Email exchanges can give a lot away too. Watch out for emails where the French is badly written or when the language used is very formal and impersonal, because there is a chance a scammer is just copy-pasting lines from the internet to lure you in.

Here are our top tips to avoid scams:

Be suspicious

Especially if the landlord or departing tenant says they are abroad and are suddenly hard to contact, or someone else picks up the telephone on the number they gave you.

Be very suspicious if the landlord is ultra keen to rent to you. It's hard to find a flat in Paris and normally landlords are very picky, so there's no reason for them to be so keen to get you in.

If they try too much to reassure you that it's not a scam, it probably is.

The golden rule is: "If in doubt, walk out."

If it sounds too good to be true, it probably is

Sometimes, the scams are easy to spot. Websites such as Craigslist or Le Bon Coin have hosted many bogus adverts. If you see a flat for €600 a month for a three-bedroom apartment beside the Louvre, it is almost certainly not a legitimate  bargain, but a scam. If the pictures look straight out an IKEA catalogue that's s probably because they are. Dream flats do exist, but they come with a price tag . 

Take care to check out if the photos on the ad matches the text that goes with it. If they don't, the alarm bells should go off.

Have your wits about you

If the wording in the advert rings a fishy bell with you, it is probably a kipper. If some paragraphs are in perfect English, but others are in capital letters demanding you send your email address immediately, this is probably a fake ad. Do not send your email address. A good idea is to copy paragraphs directly into Google and you can see if they have been lifted from a real ad. 

Never wire money.

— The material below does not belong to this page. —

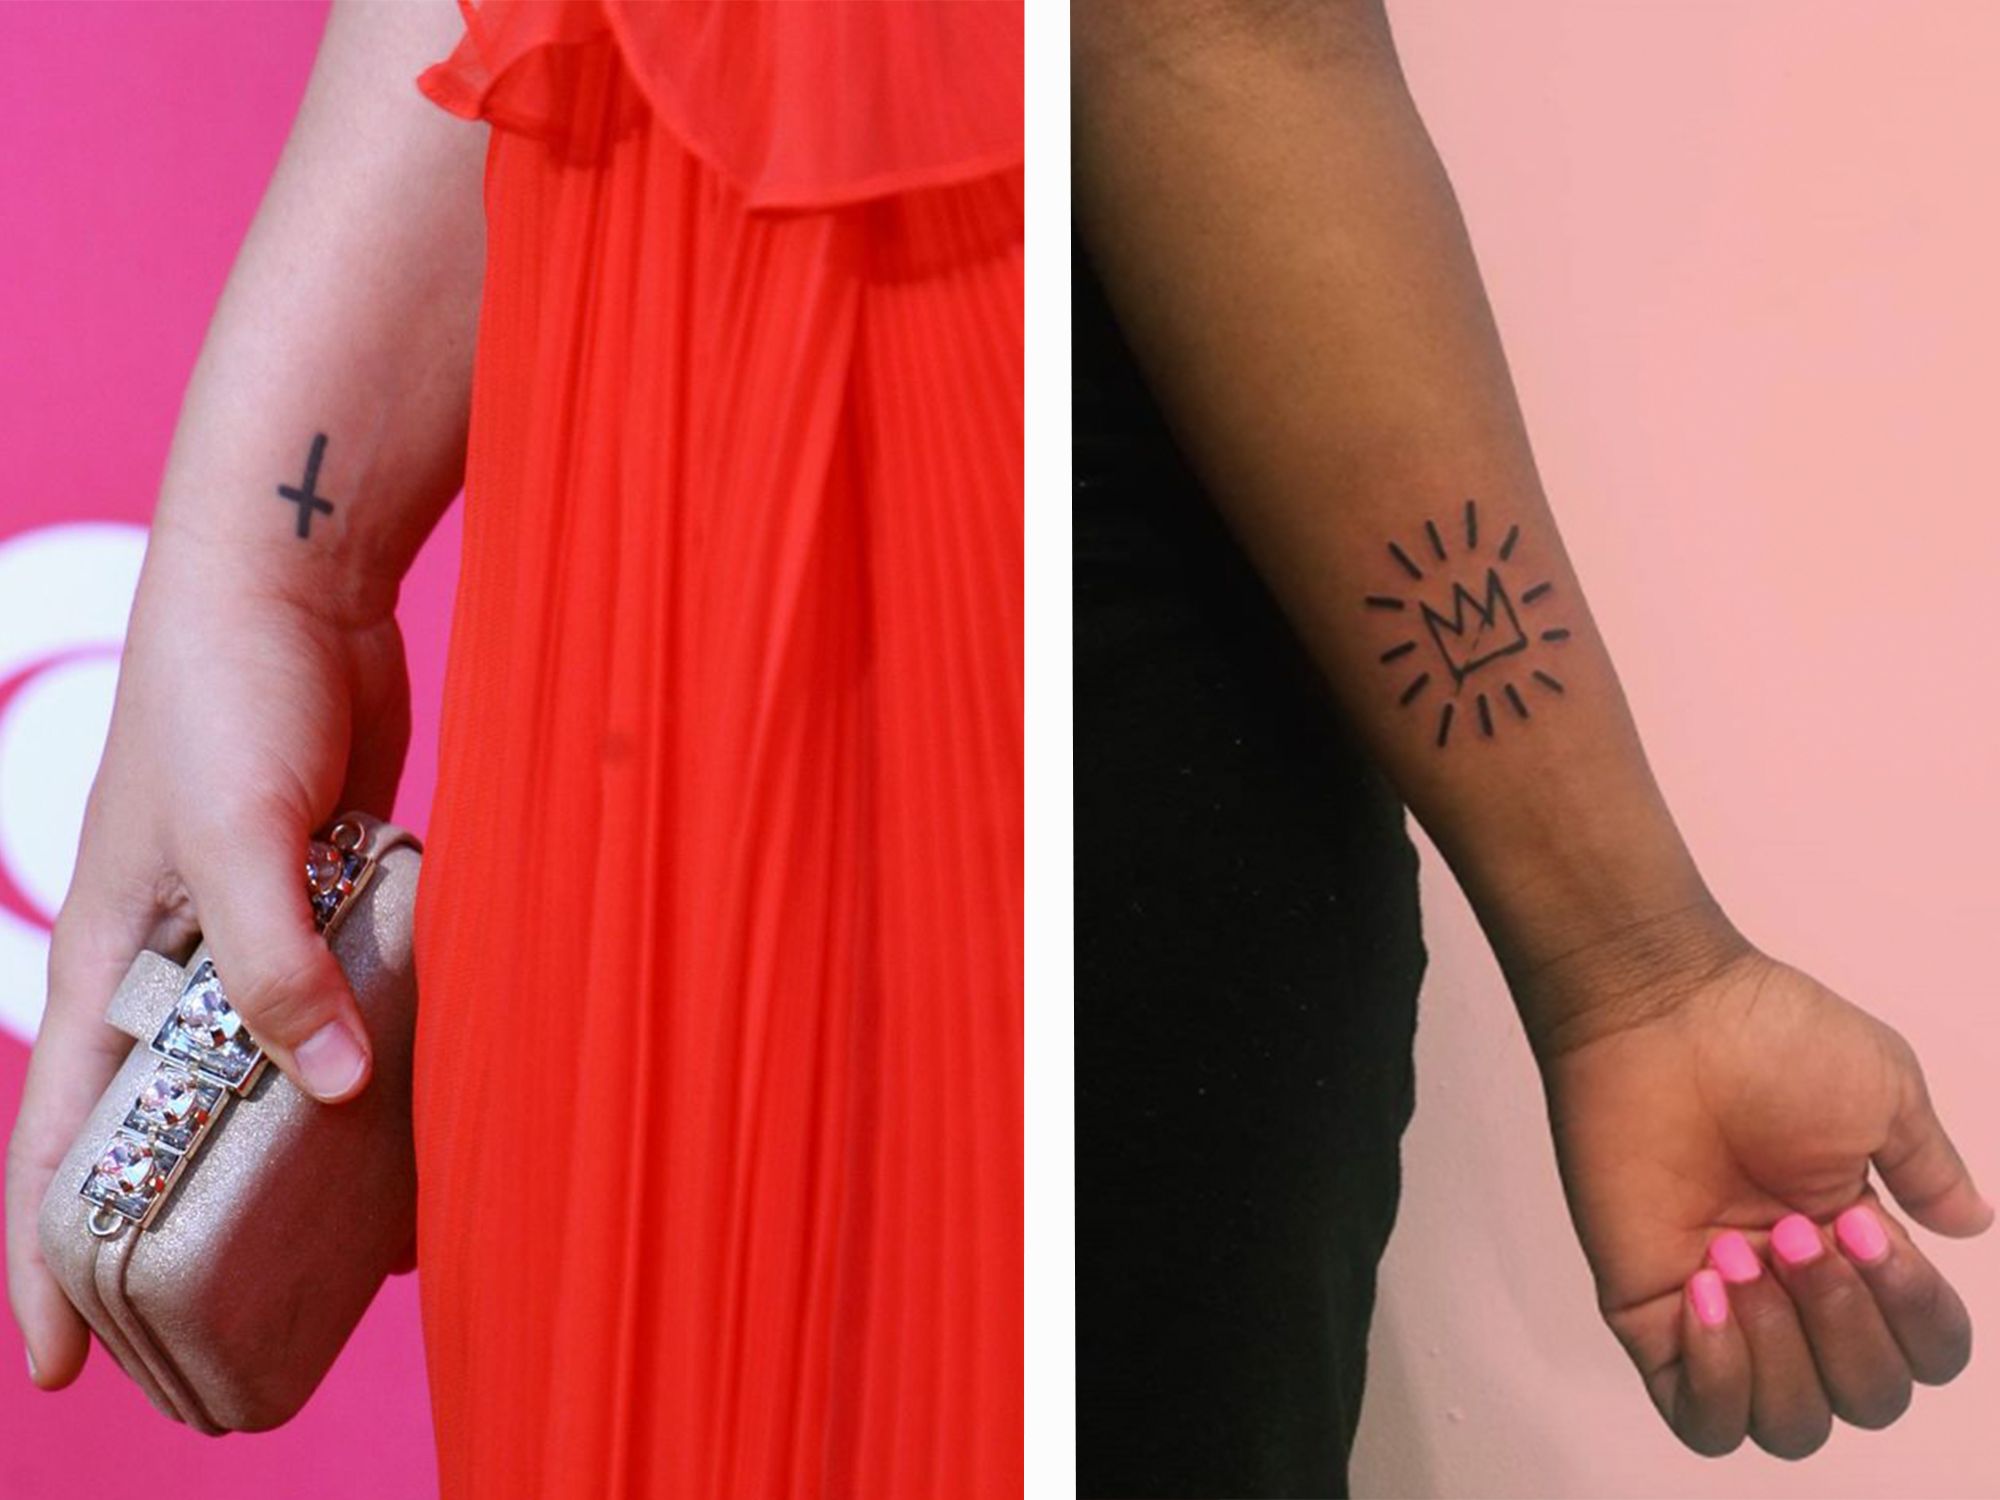 girly sleeve tattoo designs for women

Never ever (unless the contracts are signed)

This is a hard and fast rule, without exceptions. If you send money through Western Union or one of the other wire services, it's probably gone forever. Forget about getting it back. 

No good landlord would ask you to do this, but scammers often ask for deposit money to be wired even before you have seen the flat or signed a contract.

Check them out too

It is increasingly easy to find out if someone is real or using an anonymous email account. Google their name, if they give it to you. Try to speak to them over the telephone. Fraudulent renters often use and email addresses. Be sceptical if you can’t find anything about them. 

Maintain some privacy

Landlords will need to know details about you but they don’t need to know everything before they meet you. Do not give out any financial information to a stranger over the internet. 

Research the street

Look up other rentals in the area, compare prices. Maybe you are getting a real bargain, but landlords and owners are normally aware of property prices in the area and will set the price accordingly. 

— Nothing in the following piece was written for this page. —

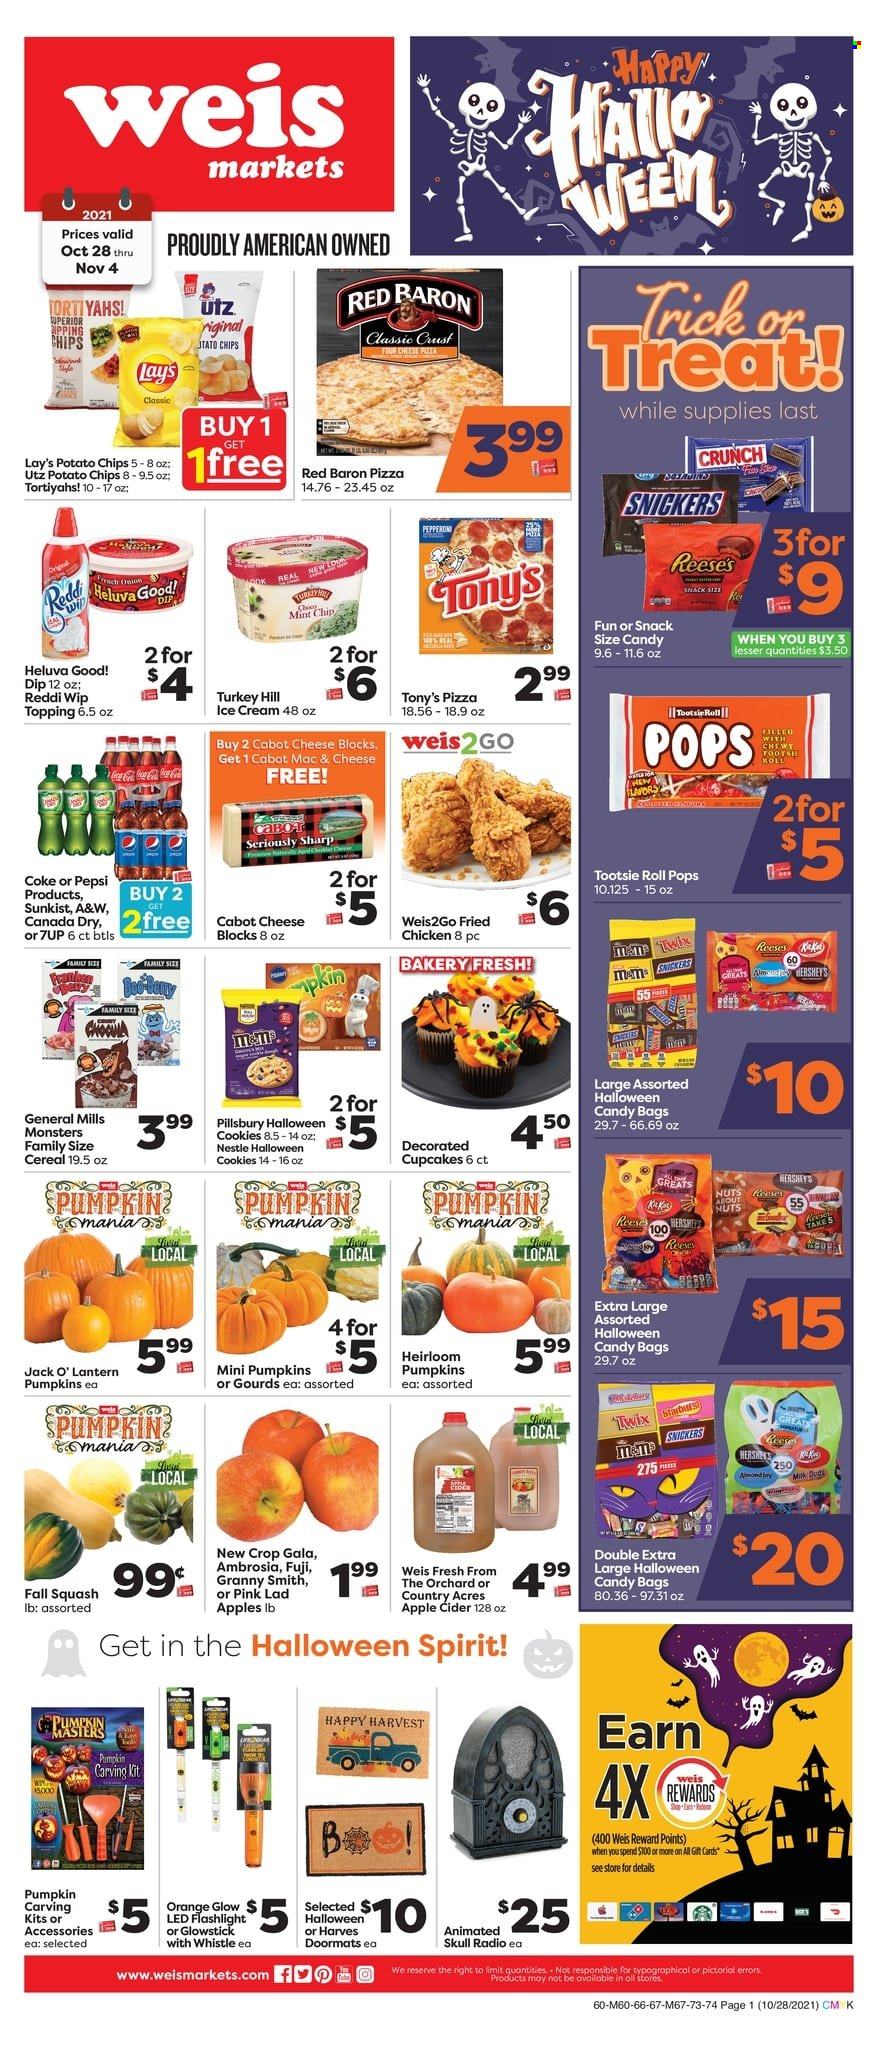 thumbnail - Weis Flyer - 10/28/2021 - 11/04/2021 - Sales products - cupcake, pumpkin, Gala, oranges, Granny Smith, pizza, fried chicken, Pillsbury, pepperoni, dip, ice cream, Reese's, Hershey's, Red Baron, cookies, Nestlé, Twix, Starburst, potato chips, chips, Lay’s, topping, cereals, Canada Dry, Coca-Cola, Pepsi, 7UP, A&W, apple cider, cider, lantern, Halloween, radio. Page 1.

If all the other two-bed apartments in that area are being rented out for €1700, it's unlikely you 'dream rental home' for €900 is real. Also, use Google maps to check the photographs. If there is a pic of a park out through the window and you can see there is no park in the vicinity, chances are the pics are fake.

Dossier don'ts

If you are going the official dossier route, the unbreakable rule is never, ever send it by email. If you do, you run a real risk of somebody stealing your identity and destroying your credibility and financial stability.

A giant alarm bell should ring if anyone asks you to email these documents, no reputable landlord or agent would. You must only ever hand them over in paper format to a person you have met, and consider trustworthy. This makes it difficult to find an apartment through a French agency before you arrive in Paris, but it is a crucial step. 

Don't send personal details before you have seen the flat. Fake landlords looking to con you and steal your identity might ask for bank statements, copies of ID cars, proof of address or payslips before you have even spoken to discuss a rendevous to see the flat. Don't hand over a singe sheet of paper until you are sure they're the real deal.